# Door jamb extendion



## cnester1 (Oct 7, 2013)

Trimming out this door in my walkout basement. The door is installed on the outside of the wall so I need to extend the jamb/trim on the inside. How would you recommend I trim around the hinges? I was thinking just to use my router and rabbet out an area for the hinges, but then I could never remove the hinge pins if necessary. Second option is just to butt trim up to the hinges and the trim wouldn't set flush with the current jamb. Any ideas would be greatly appreciated. Thanks guys!


----------



## Civilian (Jul 6, 2013)

*set second jamb back*

My outside door is similar to yours. We set the appropriate width of 1x material back away from the edge of the current jamb. In other words, if the jamb is 36" wide, the width of the second jamb is like 36 1/2" or enough to allow for the hinge pins to be removed. The jambs are set back from the edge the same amount on both sides and the top. Sort of like a reveal edge. This is what you had as a second option.

Good luck,

Jon
Northern Michigan


----------



## jschaben (Apr 1, 2010)

I think I would butt trim to the hinges but ease the edge of the trim with a substantial, 5/16-3/8" roundover to make the transition. I don't think a 1/4" roundover would be quite big enough. JMHO:smile:


----------



## Steve Neul (Sep 2, 2011)

Since the door is hinged on that side I believe I would put a couple layers of trim outside of the jamb recessing it into the wall. Your not going to be able to open the door more than 90 degrees anyway.


----------



## cabinetman (Jul 5, 2007)

It looks like the face (edge) of the wall is in line with the edge of the jamb. I would take a ¾" or ⅝" board and butt it straight in to the jamb, and have it finish out to the corner of the wall. On that vertical edge just install an outside corner trim. There would still be room to remove the pins.








 







.


----------



## Hwood (Oct 21, 2011)

Face nail to your jamb with extensions but set back behind the hinge just enough so it doesn't touch.

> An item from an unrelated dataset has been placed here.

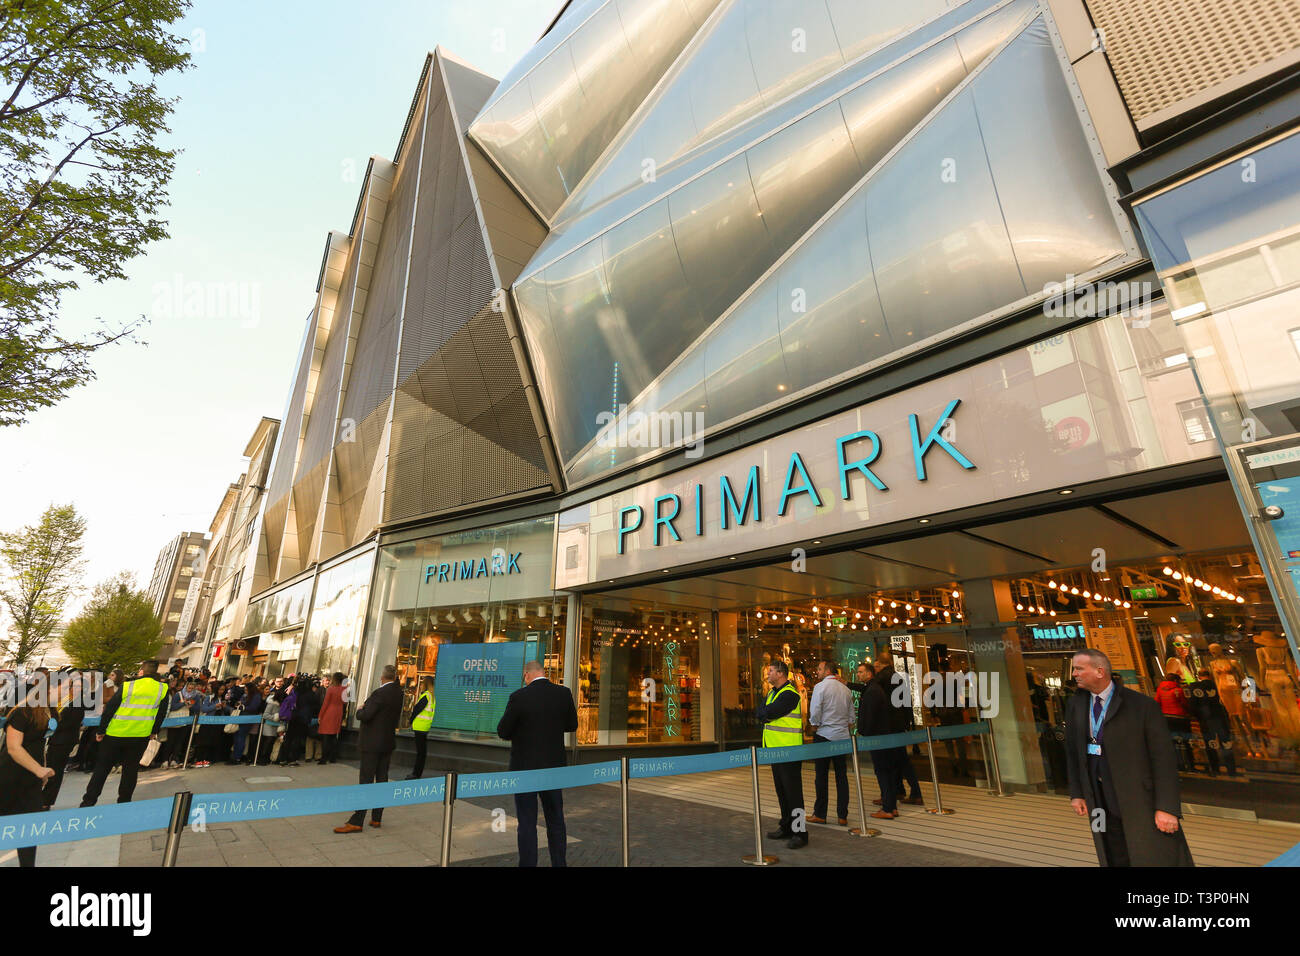 Birmingham, UK. Apr 11, 2019. Le plus grand Primark store s'ouvre aujourd'hui à Birmingham, en tant que clients de la file d'entrée. Crédit : Peter Lopeman/Alamy Live News Banque D'Images

Keep this set back 'reveal' (not sure on spelling) the same all the way around, just as the door trim would be and do that with the trim on the extension. Take a look at the trim in the rest of your house and I am sure you will see this set back. Thats my preferred way and if needed a small caulk joint can be used to hide gaps from a less than perfect cut. The extension are seldom the same dimension from top to bottom and one side to another so check for that. Straight edge clamped to your 1x material used for the extensions and a circular saw is a quick way to cut them


----------



## Warped bored (Sep 21, 2013)

This is a pretty common problem. .....You don't really say how far you need to extend the jamb.....I'm guessing 1/2"......We usually do that with an 1/8" reveal on the jamb and and 1/8" reveal on the trim.....Usually the hinge pins clear....the problem is usually the strike plate for the lock.....the plunger hits the wood first.....you just have to find a different strike.

It's always better to add to the other side of the jambs.....but like I said..your problem is a common one......


----------



## CarpenterSFO (Jan 30, 2014)

Late to the party, but: a reveal/set-back is normal. Making it flush would be unusual.


----------